This document contains information on the overall architecture of Nomulus on Google Cloud Platform.

Nomulus was originally built for App Engine, but the modern architecture now uses Google Kubernetes Engine (GKE) for better flexibility and control over networking, running as a series of Java-based microservices within GKE pods.

In addition, because GKE (and standard HTTP load balancers) typically handle HTTP(s) traffic, Nomulus uses a custom proxy to handle raw TCP traffic required for EPP (Port 700). This proxy can run as a GKE sidecar or a standalone cluster. For more information on the proxy, see the proxy setup guide.

Workloads

Nomulus contains four Kubernetes workloads. Each workload is fairly independent as one would expect, including scaling.

The four workloads are referred to as frontend, backend, console, and pubapi.

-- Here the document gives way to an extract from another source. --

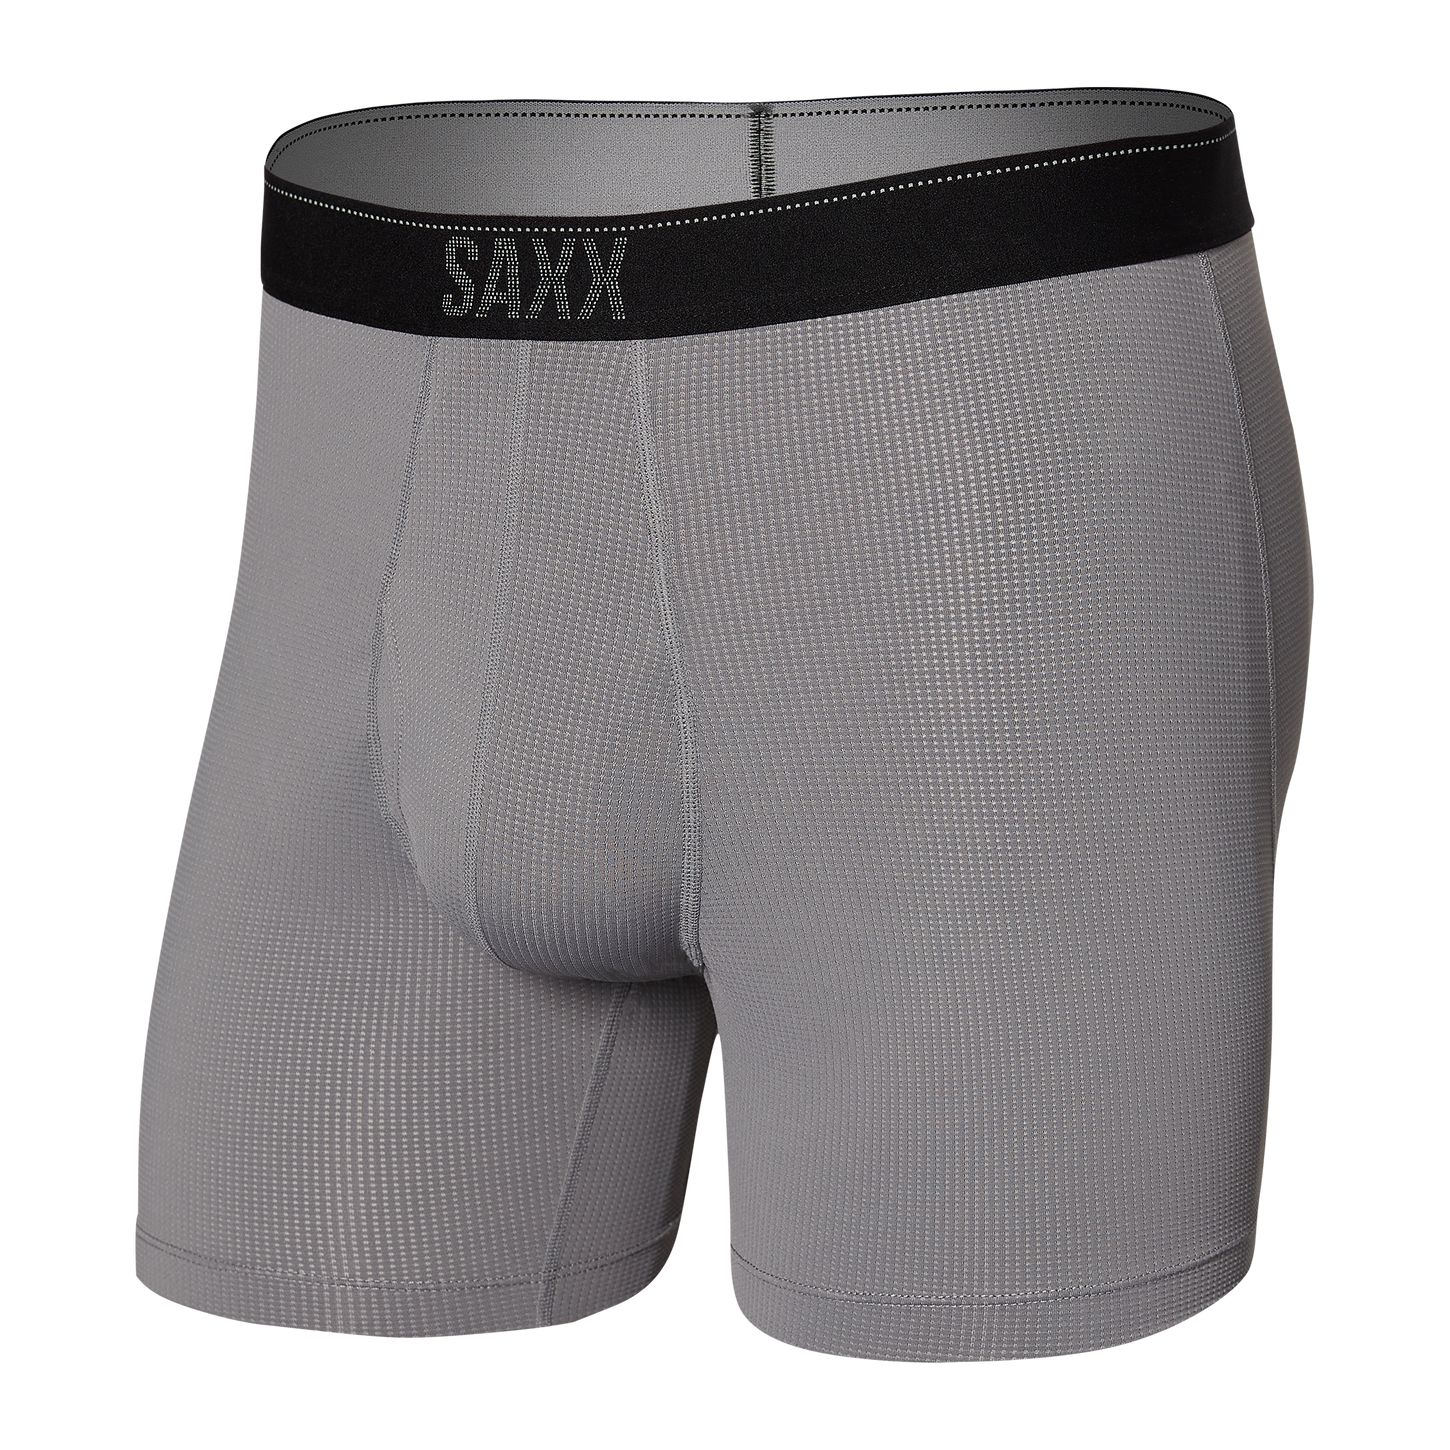 SAXX UNDERWEAR – Finnieston Clothing Ltd.

Each workload's URL is created by prefixing the name of the workload to the base domain, e.g. https://pubapi.mydomain.example. Requests to each workload are all handled by the RegistryServlet

Frontend workload

The frontend workload is responsible for all registrar-facing EPP command traffic. If the workload has any problems or goes down, it will begin to impact users immediately.

PubApi workload

The PubApi (Public API) workload is responsible for all public traffic to the registry. In practice, this primarily consists of RDAP traffic. This is split into a separate workload so that public users (without authentication) will have a harder time impacting intra-registry or registrar-registry actions.

Backend workload

The backend workload is responsible for executing all regularly scheduled background tasks (using cron) as well as all asynchronous tasks. These include tasks for generating/exporting RDE, syncing the trademark list from TMDB, exporting backups, writing out DNS updates, syncing BSA data, generating/exporting ICANN activity data, and many more. Issues in the backend workload will not immediately be apparent to end users, but the longer it is down, the more obvious it will become that user-visible tasks such as DNS and deletion are not being handled in a timely manner.

The backend workload is also where scheduled and automatically-invoked BEAM pipelines run, which includes some of the aforementioned tasks such as RDE. Consequently, the backend workload should be sized to support not just the normal ongoing DNS load but also the load incurred by BEAM pipelines, both scheduled (such as RDE) and on-demand (started by registry employees).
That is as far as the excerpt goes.